The crisis in global energy markets will force some smaller commodity traders out of business and trigger a wave of consolidation in the sector, a senior executive at one of the world’s biggest trading houses has warned.
Christophe Salmon, Trafigura’s chief financial officer, said an increase in capital needed to keep goods moving around the world since Russia invaded Ukraine would squeeze smaller trading houses out of the market.
“As we get through these crises – and let’s not forget we are coming out of two and a half years of Covid – there will be another round of consolidation in the commodities trading industry,” Salmon told FT Commodities Global. Summit in Lausanne on Wednesday.
The comments come amid broader concerns about a liquidity crunch sweeping through commodity funding. Europe’s biggest traders have pleaded with banks and governments to offer “emergency” aid to avert a liquidity crunch as sharp swings in commodity prices drive up the cost of trading.
The global commodities trading industry is dominated by big names such as Trafigura, Vitol and Gunvor, but Salmon said many smaller traders face a host of issues ranging from rising capital requirements to lack of resources. access to credit.
“The barriers to entry into our industry as supply chain managers are increasing,” he said.
Traders at the FT conference expressed concern that tough conditions such as banks demanding high initial margins – cash to cover futures – had contributed to a breakdown in the smooth functioning of commodity markets , especially gas and nickel.

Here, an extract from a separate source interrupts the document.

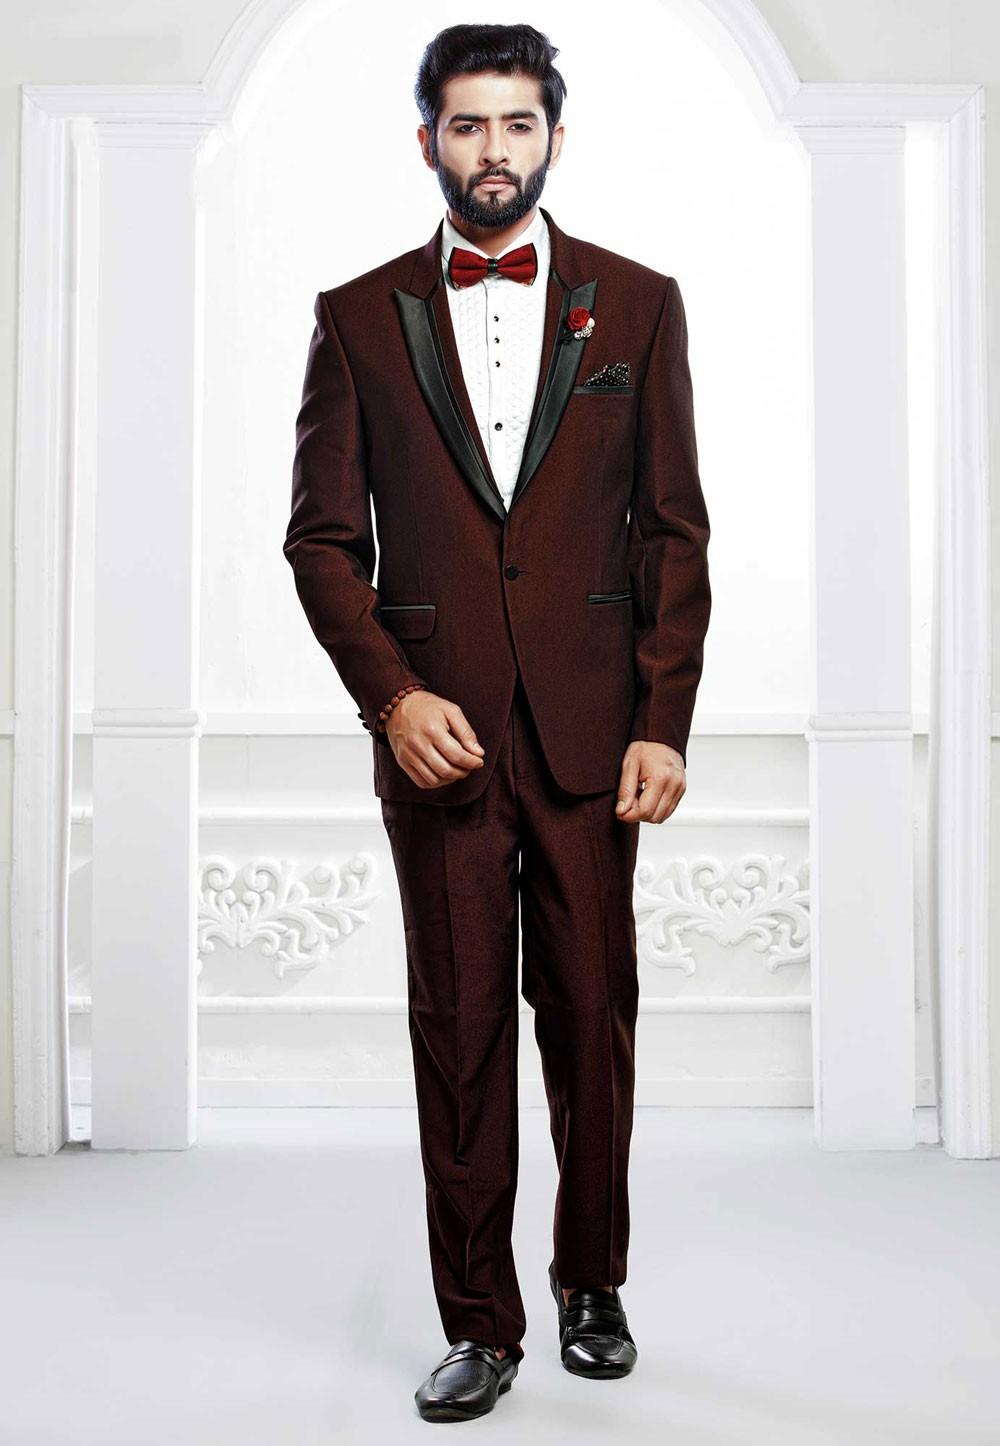 Buy designer suits for men for Indian Wedding

Fears over hydrocarbon supplies from Russia, the world’s second-largest gas producer and third-largest oil producer, rattled markets. Europe has yet to impose sanctions on Russian energy exports, but banks, shipping companies, insurers and refiners are self-sanctioning and avoiding touching the country’s oil.
However, Stephen Paris, chief financial officer of Oryx Energies, which focuses on Africa, said it was possible for small businesses to thrive provided they had a clear point of distinction.
“We are labeled as a trading company, but we are actually a trading, supply and distribution company. And the main difference is that we are almost covering the last mile of distribution,” he said. Oryx has a network of service stations across sub-Saharan Africa.
Jacques Erni, chief financial officer of BB Energy, a Dubai-based trading house, said it was possible to find niches overlooked by bigger rivals. “We still have a size where we can serve regions for their supply,” he added.
Salmon at Trafigura said cuts in commodity finance would trickle down to consumers.
“We are already in a vicious circle in the futures market. I want to emphasize the impact this will have on the physical market,” he said. “We are increasingly engaging with governments to inform governments of the likelihood of market disruptions, which means stock-outs of certain products in certain regions.”
European gas prices jumped to over €300 per megawatt hour this month before falling back below €100, while Brent, the international oil benchmark, has risen 20% since the invasion of Ukraine to reach $118 a barrel.
Traders expect to have higher levels of working capital linked to more barrels at sea, as Russian oil has to travel further to Asian customers and replacement supplies for Europe also have to spend more time. in transit.
Salmon’s observation on the viability of small traders comes amid uncertainty over the future of Gazprom’s UK trading arm, which Boris Johnson’s government is set to put under ‘special administration’, a de facto nationalization. The unit is vital to the supply of cheap energy to many UK industrial businesses.